把客户端的数据放到DataStream流里面
客户端(clickhouse-client)构造Block数据的逻辑
void sendData(Block & sample, const ColumnsDescription & columns_description)
{
/// If INSERT data must be sent.
auto * parsed_insert_query = parsed_query->as<ASTInsertQuery>();
if (parsed_insert_query->data)
{
/// Send data contained in the query.
ReadBufferFromMemory data_in(parsed_insert_query->data, parsed_insert_query->end - parsed_insert_query->data);
sendDataFrom(data_in, sample, columns_description);
// Remember where the data ended. We use this info later to determine
// where the next query begins.
parsed_insert_query->end = data_in.buffer().begin() + data_in.count();
}
......
}
服务器接收客户端数据
void TCPHandler::processInsertQuery(...)
{
state.io.out->writePrefix();
......
/// Send block to the client - table structure.
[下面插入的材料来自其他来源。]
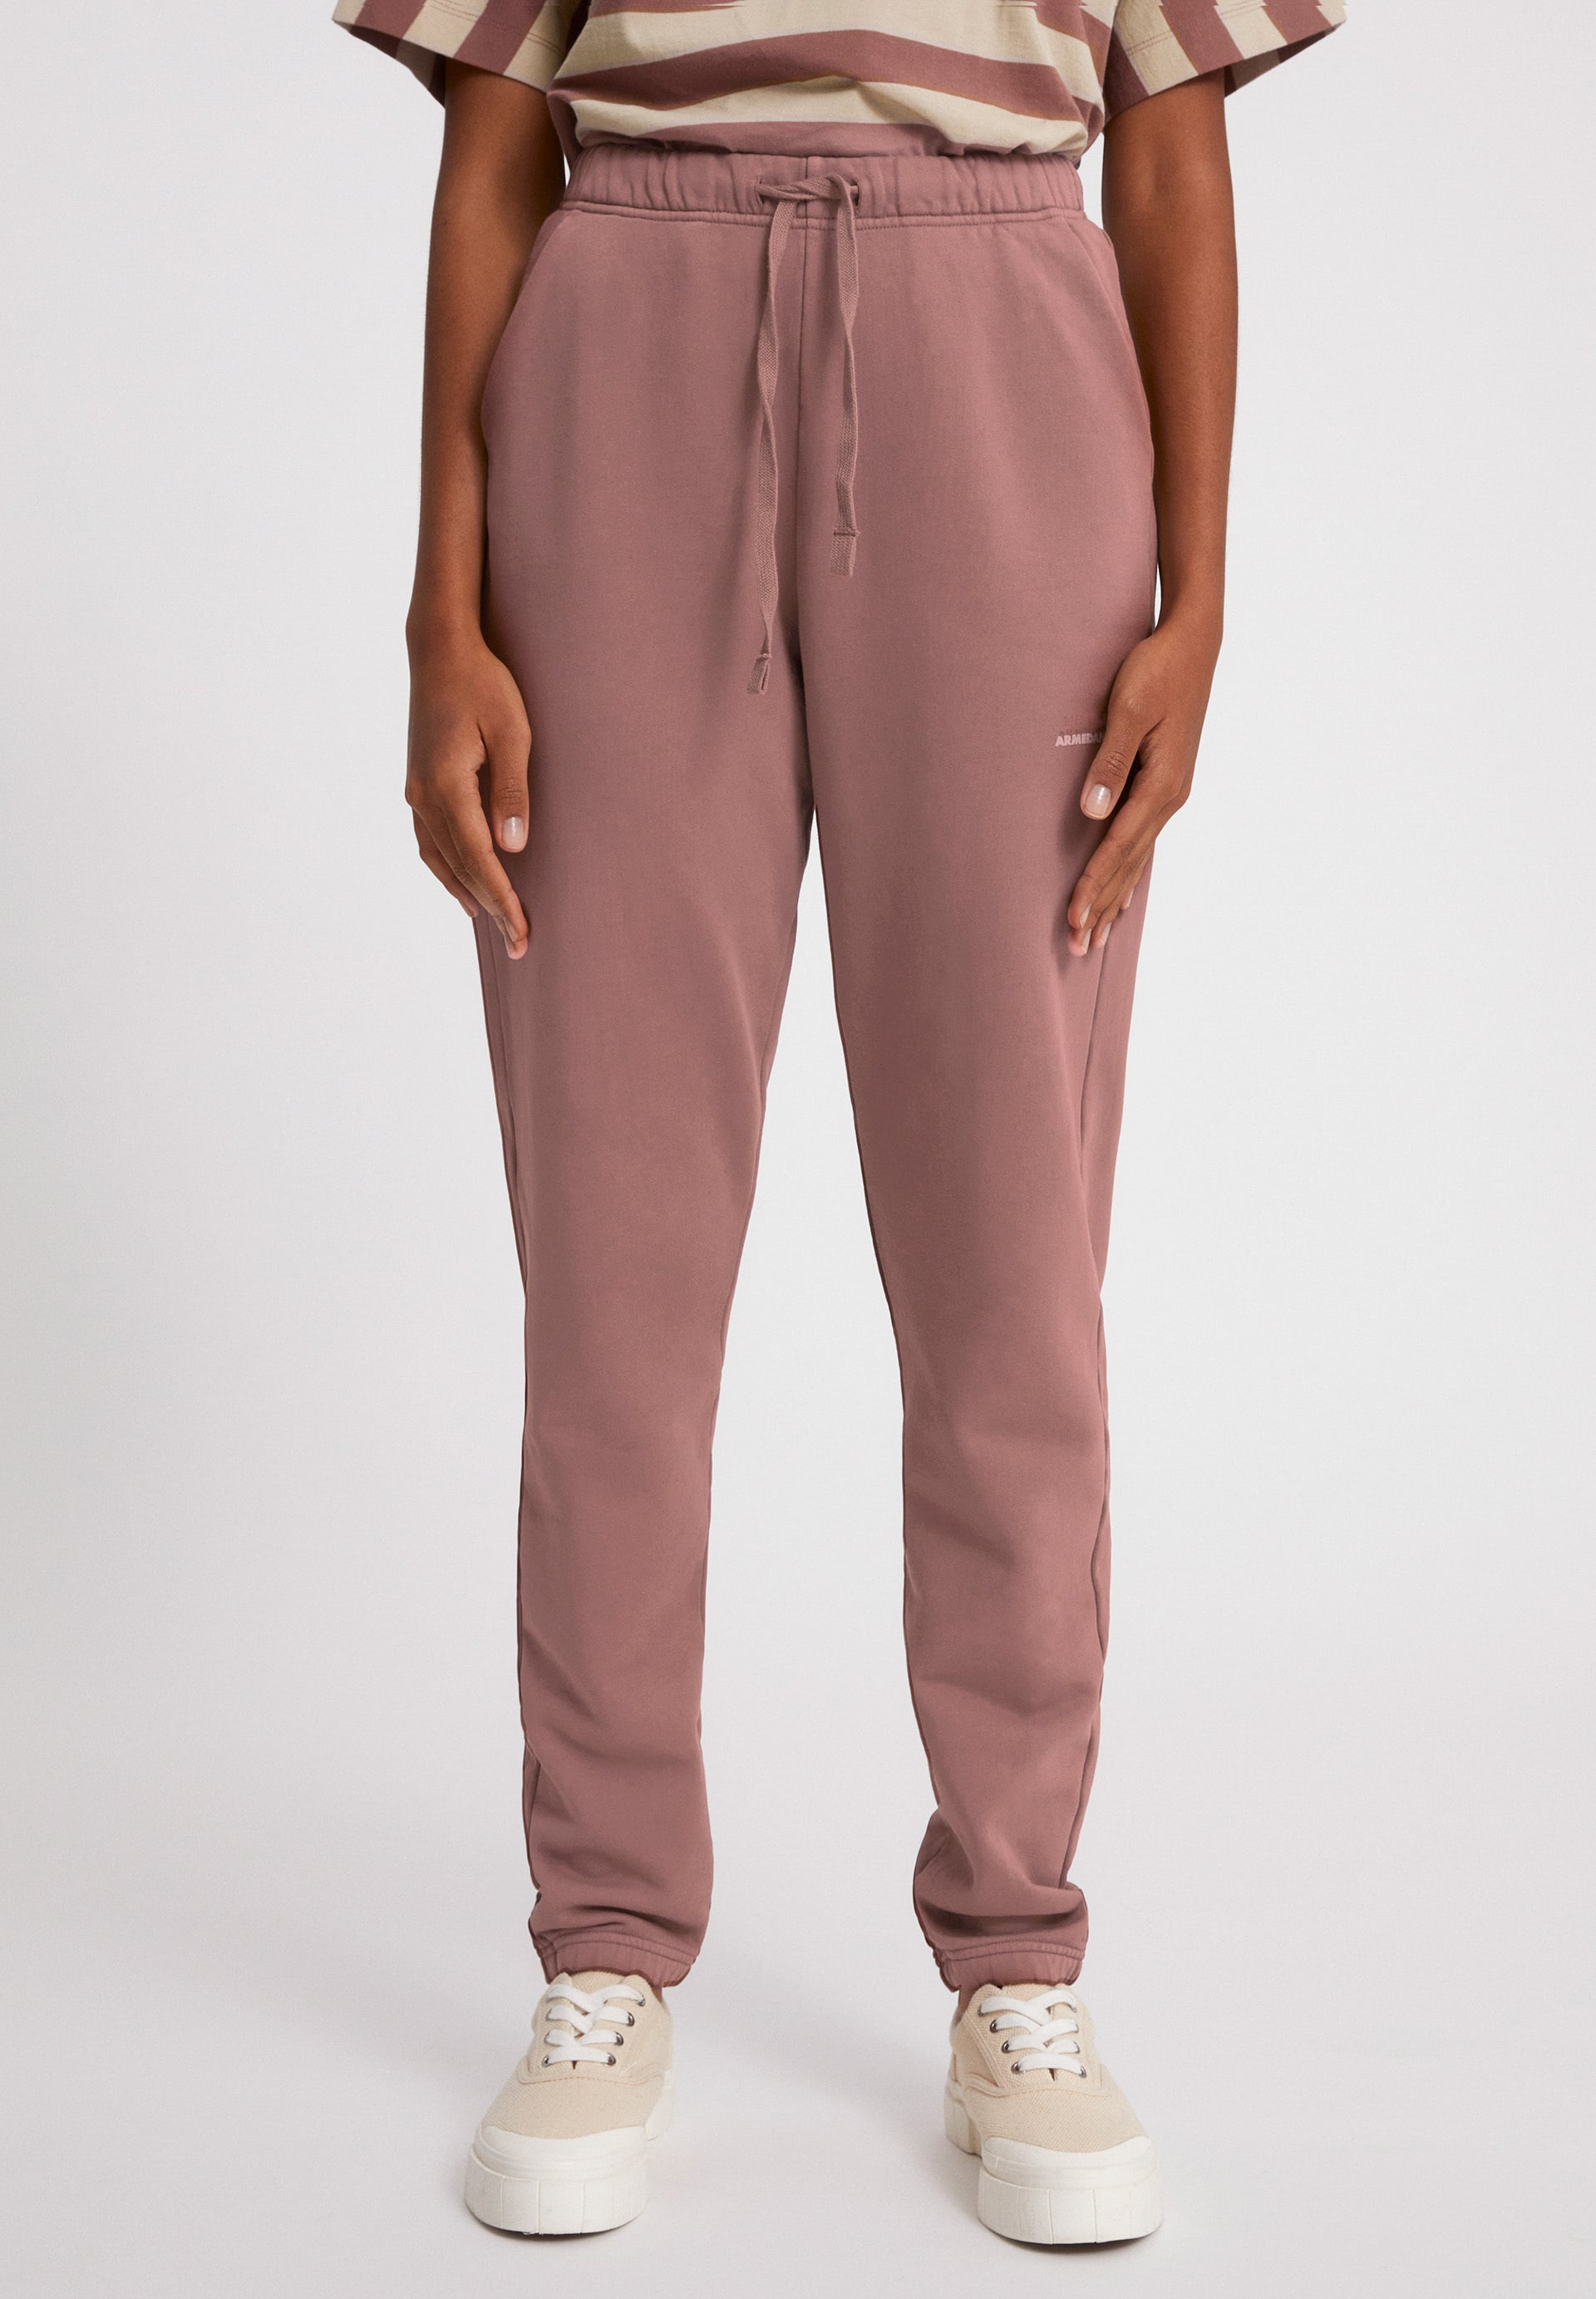 IVAA EARTHCOLORS® Sweat Pants made of Organic Cotton

sendData(state.io.out->getHeader());
// 读取客户端发送过来的insert数据
readData(connection_settings);
// 因为DataStream中有数据merge的DataStream,之前的数据可能仅仅Merge起来,没有发送,这一步就正式发送了
state.io.out->writeSuffix();
}
```
```
bool TCPHandler::receiveData(bool scalar)
{
// 构造网络数据读取的DataStream
initBlockInput();
// 从DataStream里面读取一个Block数据
Block block = state.block_in->read();
// 把Block数据放到之前InterpreterSelectQuery构造出来的DataStream里面进行处理
state.io.out->write(block);
}
数据落到具体的表引擎中
调用堆栈关系
#0 DB::MemoryBlockOutputStream::write (this=0x7f7316088ea8, block=...) at ../src/Storages/StorageMemory.cpp:98
#1 0x000000000dafd874 in DB::PushingToViewsBlockOutputStream::write (this=0x7f73180ba7d8, block=...) at ../src/DataStreams/PushingToViewsBlockOutputStream.cpp:156
#2 0x000000000db3e733 in DB::AddingDefaultBlockOutputStream::write (this=0x7f7373abf318, block=...) at ../src/DataStreams/AddingDefaultBlockOutputStream.cpp:10
#3 0x000000000db3d4bc in DB::SquashingBlockOutputStream::finalize (this=0x7f73180b7418) at ../src/DataStreams/SquashingBlockOutputStream.cpp:30
#4 0x000000000db3d539 in DB::SquashingBlockOutputStream::writeSuffix (this=0x7f73180b7418) at ../src/DataStreams/SquashingBlockOutputStream.cpp:50
#5 0x000000000e4f8420 in DB::TCPHandler::processInsertQuery (this=0x7f72fc5e2000, connection_settings=...) at ../src/Server/TCPHandler.cpp:511
#6 0x000000000e4f3aa1 in DB::TCPHandler::runImpl (this=0x7f72fc5e2000) at ../src/Server/TCPHandler.cpp:264
#7 0x000000000e5006b7 in DB::TCPHandler::run (this=0x7f72fc5e2000) at ../src/Server/TCPHandler.cpp:1311
#8 0x0000000010cd95ef in Poco::Net::TCPServerConnection::start (this=0x7f7316088ea8) at ../contrib/poco/Net/src/TCPServerConnection.cpp:43
#9 0x0000000010cdb001 in Poco::Net::TCPServerDispatcher::run (this=0x7f7375a4d000) at ../contrib/poco/Net/src/TCPServerDispatcher.cpp:112
#10 0x0000000010e0c1a9 in Poco::PooledThread::run (this=0x7f7315e00000) at ../contrib/poco/Foundation/src/ThreadPool.cpp:199
#11 0x0000000010e080da in Poco::ThreadImpl::runnableEntry (pThread=<optimized out>) at ../contrib/poco/Foundation/src/Thread_POSIX.cpp:345
#12 0x00007f7376aa7609 in start_thread (arg=<optimized out>) at pthread_create.c:477
#13 0x00007f73769bd293 in clone () at ../sysdeps/unix/sysv/linux/x86_64/clone.S:95
代码关系
class MemoryBlockOutputStream : public IBlockOutputStream
{
public:
......
void write(const Block & block) override
{
std::lock_guard lock(storage.mutex);
storage.data.push_back(block);
}
......
};
Memory表引擎的数据是通过list结构来保存的。
逻辑归纳总结
- 客户端会把values的数据构造成Block发送给服务器端。
- 服务器端接收到Block数据后,把Block传递给InterpreterSelectQuery构造出来的DataStream执行。
- 最后表数据落到了Memory表引擎中。
结论
ClickHouse数据库插入语句执行链路大致总结如下:
- ClickHouse实例接收到客户端的Insert语句的执行请求。
- ClickHouse实例通过ParserInsertQuery类解析Insert语句。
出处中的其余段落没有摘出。